The reason I think is because that input string is already encoded in the standard node.js charset, but it actually represents a windows-1252
encoded piece of HTML (if that makes sense?).
Checking those strange HEX numbers prepend by =
I can see valid windows-1252
codes e.g.:
- this
=\r\n
and this\r\n
should somehow represent a carriage return in the Windows world, =3D
: HEX3D
is DEC61
which is an equals sign:=
,=96
: HEX96
is DEC150
which is an 'en dash' sign:–
(some sort of "long minus symbol"),=A3
: HEXA3
is DEC163
which is a pound sign:£
I don't have control in the generation of that piece of HTML, but I am supposed to parse it and clean it giving back £
(instead of =A3
) etc.
Now, I know I could keep an in memory map with the conversions, but I was wondering if there is already a programmatic solution that covers the whole windows-1252
charset?
Cf. this for the whole conversion table: https://www.w3schools.com/charsets/ref_html_ansi.asp
Edit:
The input HTML comes from a IMAP session, so it seems there's a 7bit/8bit "quoted printable encoding" going on upstream that I can not control (cf https://en.wikipedia.org/wiki/Quoted-printable).

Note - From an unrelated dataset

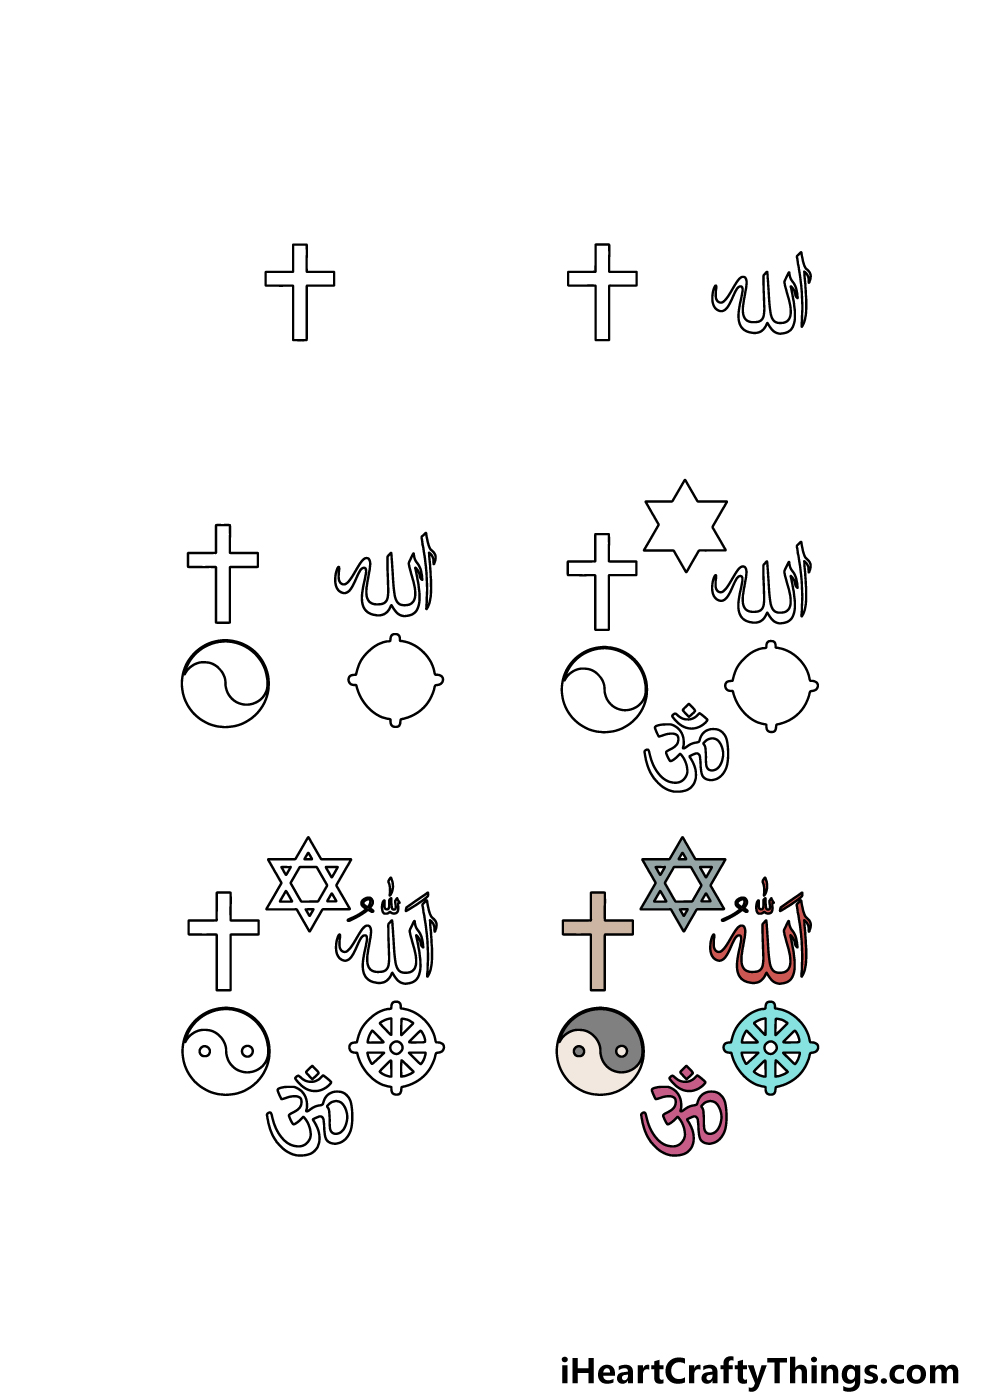 How to Draw Religious Symbols in 6 steps
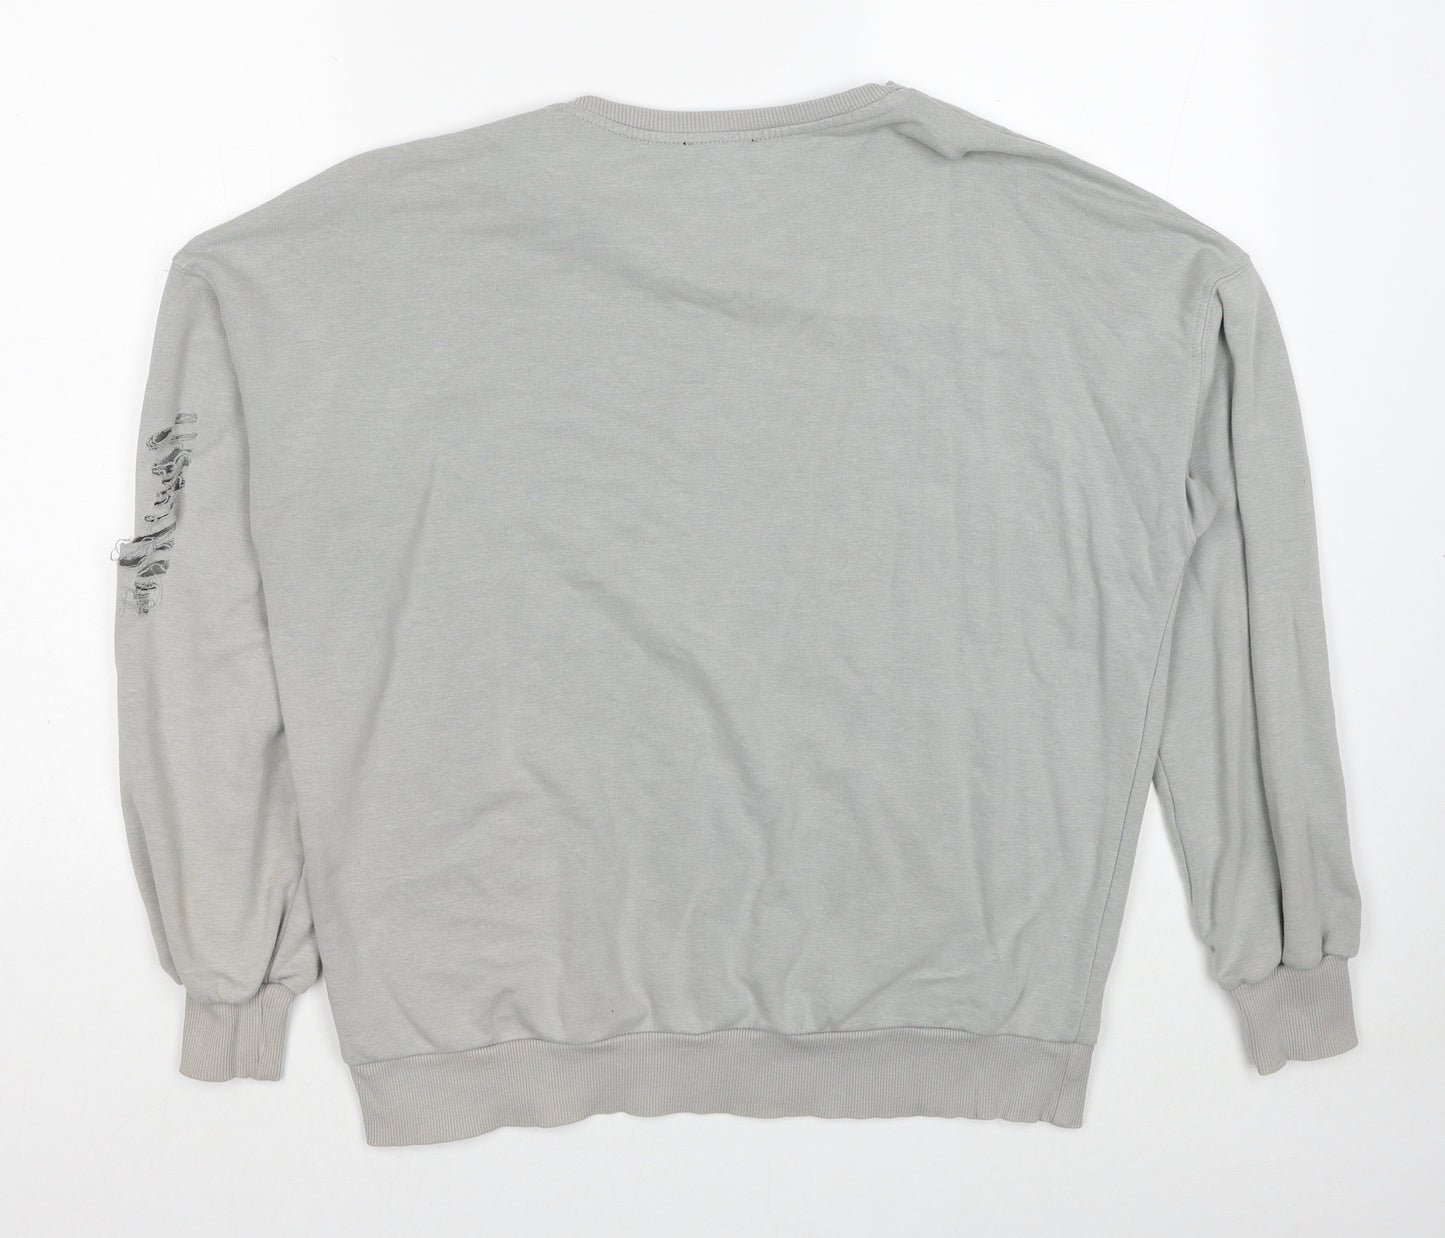 New Look Mens Grey Cotton Pullover Sweatshirt Size S - Distressed

In the meanwhile I became aware of this extra encoding and I've tried this quoted-printable
(cf. https://github.com/mathiasbynens/quoted-printable) library with no luck.
The following is an MCV (as per request):
var cheerio = require('cheerio');
var windows1252 = require('windows-1252');
var quotedPrintable = require('quoted-printable');
const inputString = '<html>\r\n<head>\r\n<meta http-equiv=3D\"Content-Type\" content=3D\"text/html; charset=3DWindows-1=\r\n252\">\r\n<style type=3D\"text/css\" style=3D\"display:none;\"><!-- P {margin-top:0;margi=\r\nn-bottom:0;} --></style>\r\n</head>\r\n<body dir=3D\"ltr\">This should be a pound sign: =A3 and this should be a long dash: =96 \r\n</body>\r\n</html>\r\n'
const $ = cheerio.load(inputString, {decodeEntities: true});
const bodyContent = $('html body').text().trim();
const decodedBodyContent = windows1252.decode(bodyContent);
console.log(`The input string: "${bodyContent}"`);
console.log(`The output string: "${decodedBodyContent}"`);
if (bodyContent === decodedBodyContent) {
console.log('The windows1252 output seems the same of as the input');
}
const decodedQp = quotedPrintable.decode(bodyContent)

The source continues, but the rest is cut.